M. J. Arlidge and Steph Broadribb
Orion, 5 September 2024
Available as: PB, 304pp audio, e
Source: Advance e-copy
ISBN(PB): 9781398716575
I'm grateful to the publisher for sgiving me access to an advance e-copy of The Reunion to consider for review, and to Tracy and Compulsive Readers for inviting me to join the book's blogtour.
Oh this one is very good.
It's set in the town of Whitecross, somewhere in the English Chiltern Hills. I think I know where the real Whitecross is - that isn't of course its actual name - and the authors bring to life the character of this district, protected for its natural beauty and riddled with twee little villages, but also full of new housing estates and also surpsingly deprived town centres where depressed youth find an escape in the time honoured ways: drink, drugs and sex.
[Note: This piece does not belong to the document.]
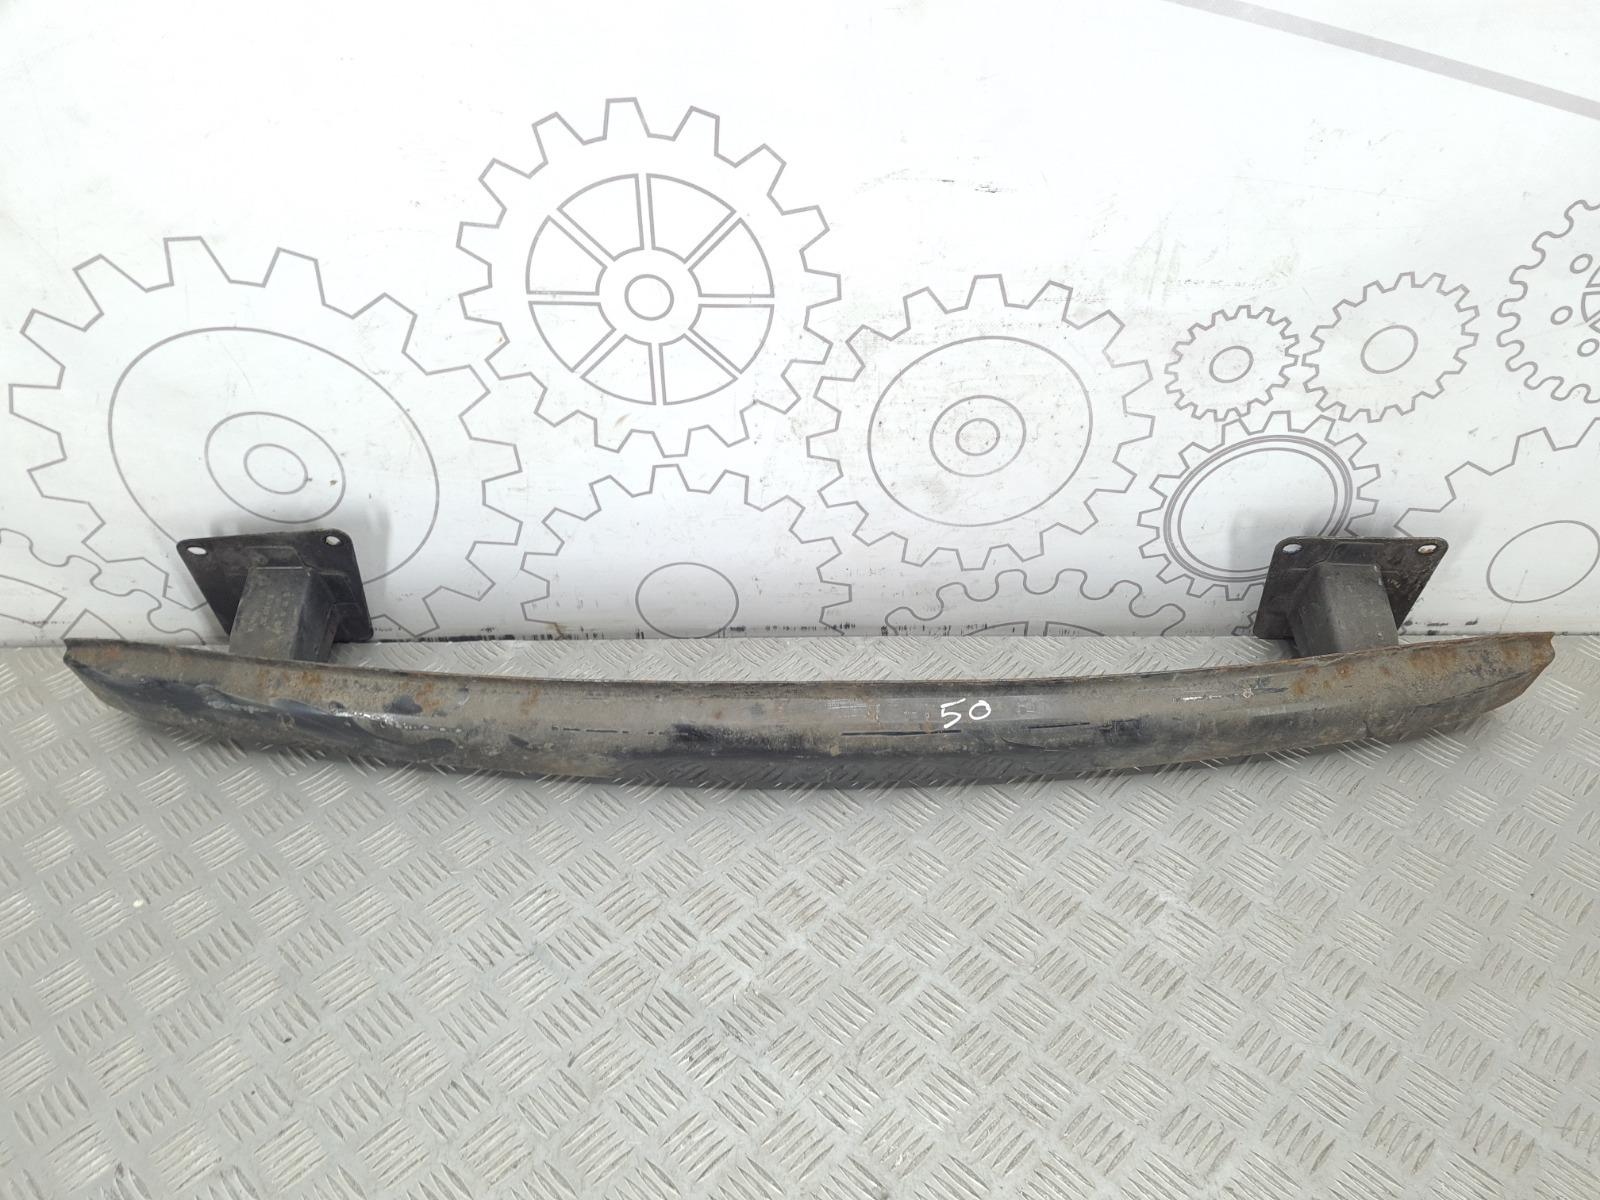 Усилитель бампера заднего Volkswagen Fox 1.2 I 2008 (б/у)

This is Jennie Whitmore's world. Jennie never left Whitecross: her dreams of doing so shattered when her beloved friend Hannah vanished as they were on the cusp of escape. Instead, Jennie has hung around, and decades later she is a DI in the same town. Interesting - did she simply lose heart and never leave? Or, unconsciously, did she hang around, choosing a career that might one day give her an opportunity to find out what happened to Hannah? If so, she is still shocked when that possibility crystallises. This occurs suspiciously soon after her unwise experiment of joining in a school reunion. (Personally, I stay away from such things). Has the reunion jolted something among the little group of "friends"? Or was the clock already ticking?
The resulting investigation will see Jeannie throwing away beliefs she's held for three decades, taking uncharacteristic risks, and running into danger. I found it absolutely gripping how she justified, and undertook, an investigation she absolutely shouldn't be part of (her closest friend!) and the effect that doing so has on her relationships with her colleagues (she hardly has any friends). The impact of what is discovered, and Hannah's way of opening it up, will shatter the little group who see themselves as Hannah's mates from all those years ago, bring secrets into the open, and change Whitecross for ever.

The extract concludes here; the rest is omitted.